I am going into this application period with 10 pts for LE Elk. I like the Wasatch unit and am fairly familiar with some parts of it. I am considering putting in for the ML hunt, but I am also interested in the new late hunt. If it is like some other similar units (Manti or Book Cliffs), I am probably close to being able to draw that hunt with the points I have. My question is..What is the hunting like in Nov? I have hunted in October before and it seems like the elk have been pushed pretty hard by the time the spike hunt is over. Do they move down onto private property or just into the thick nasty stuff and get nocturnal? Those who have hunted rifle deer up around Strawberry, or done later hunts, like the spike ML hunt...Are you still seeing good bulls at that time of year? If so, what are the best ways to hunt them? I assume they would be in bachelor herds at that time of year?
For you who have hunted the LE ML hunt..Do the elk still respond to calls after the Rifle guys have been hammering them for over a week?


----------



## dark_cloud (Oct 18, 2010)

P.M sent


----------



## COOPERD (Sep 16, 2007)

Thats funny, I have wondered the same thing. I have 14 points, have thought about putting in for the late hunt. Ive never hunted spikes during the muzzleloader hunt on the wasatch, but just on its north border (any bull) . I would have bought a spike tag, scouted it more or less if I would have known the late hunt would have been offered this year.


----------



## goofy elk (Dec 16, 2007)

Been involved in a discussion about the 'late Wasatch' with the Strawberry bay
guides for about a week. Draw odds, success rates and why they stopped it in 2006.

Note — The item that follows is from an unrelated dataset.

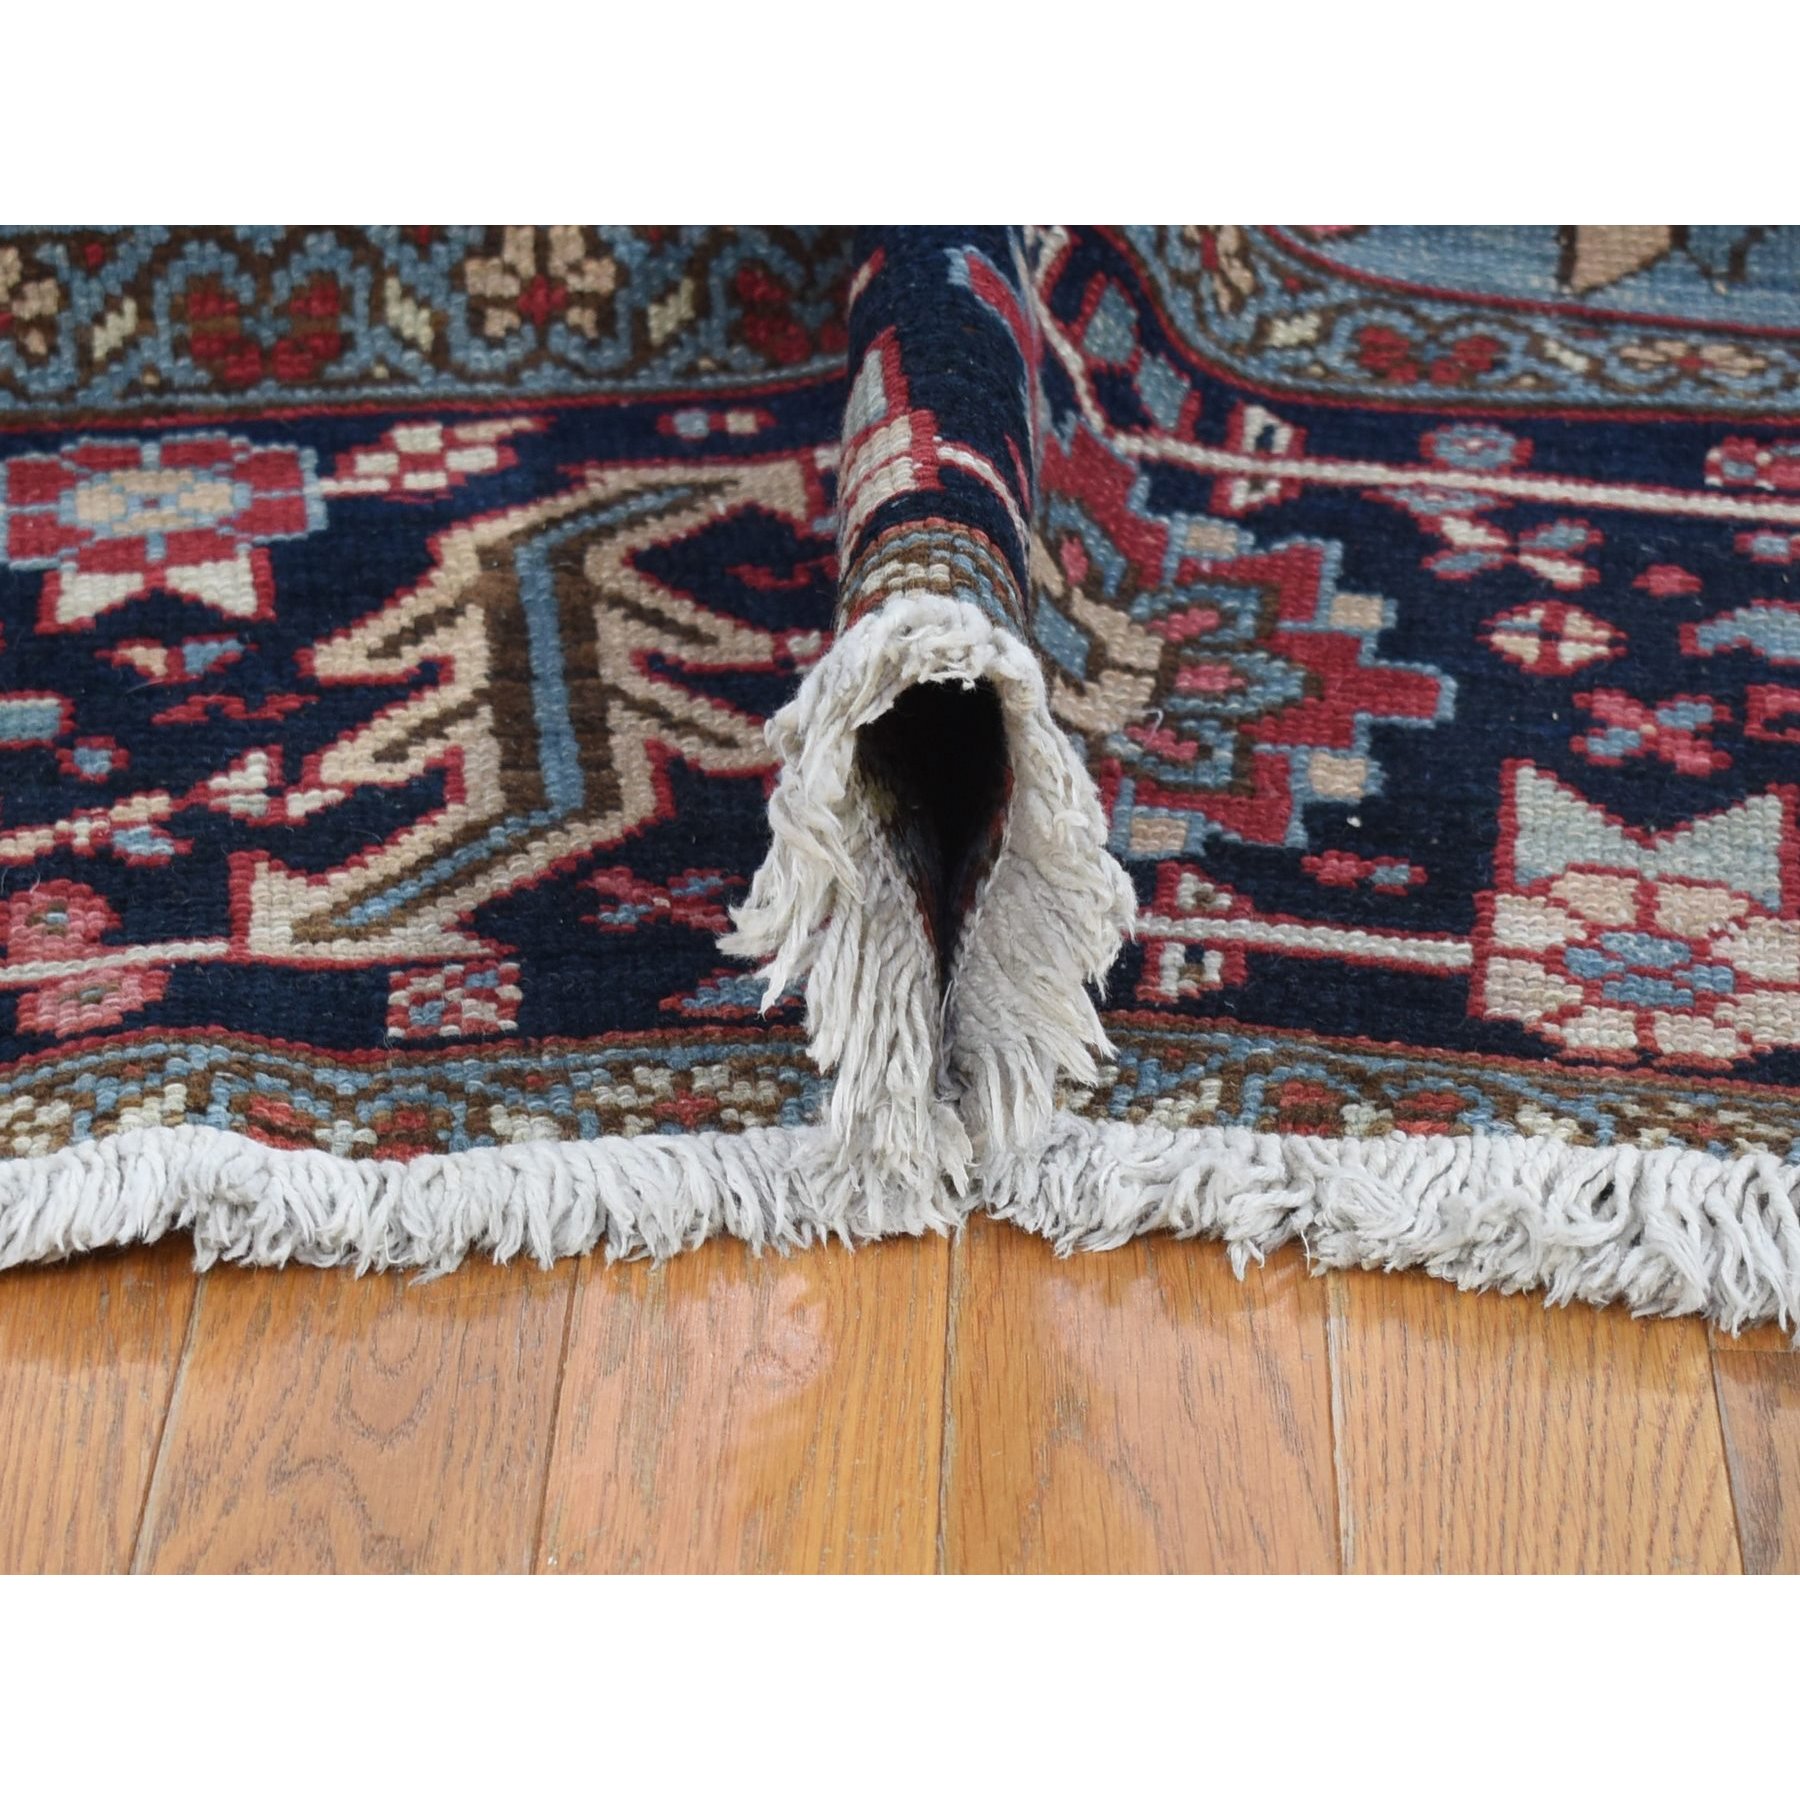 10'x12'8" Tomato Red, Antique Persian Heriz, Full Pile Pure Wool Evenly Wear Mint Condition, Hand Woven Oriental Rug

In interesting stuff, Berry Blaster put in for it....Looks like it might take 14/15+ BPs to draw.

They stopped the late hunt there in 06 because of the 90% success on 1 year + older
aged-ed bulls being harvested on winter grounds...

Here's the link:
http://www.monstermuleys.info/dcforum/D ... 15019.html


----------



## dkhntrdstn (Sep 7, 2007)

if it snows you can find a nice bull if you can get around.If if it don't snow then you will be busting your butt trying to find them in the deep nasty canyons.


----------



## goofy elk (Dec 16, 2007)

^^^^ Nope, Snow dose NOT matter. These bulls show up snow or not...^^^^

Some places, it takes snow to move animals, some place do not.


----------



## dkhntrdstn (Sep 7, 2007)

goofy elk said:


> ^^^^ Nope, Snow dose NOT matter. These bulls show up snow or not...^^^^
> 
> Some places, it takes snow to move animals, some place do not.

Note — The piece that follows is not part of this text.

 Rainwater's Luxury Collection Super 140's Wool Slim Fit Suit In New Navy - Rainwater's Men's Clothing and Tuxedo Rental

i disagree.I ahve had that area for late season cow tags. When we had no snow it was tuff finding them where you can get to them and get one out. When we had snow man we see some monster bulls and bucks. I know this area pretty good and I know where they head when the snow flys.But that just me.


----------



## goofy elk (Dec 16, 2007)

Were not talkin cows here, Been living/watching on the south end of
the unit for 35 years.........The Bulls show up even when the cows dont.........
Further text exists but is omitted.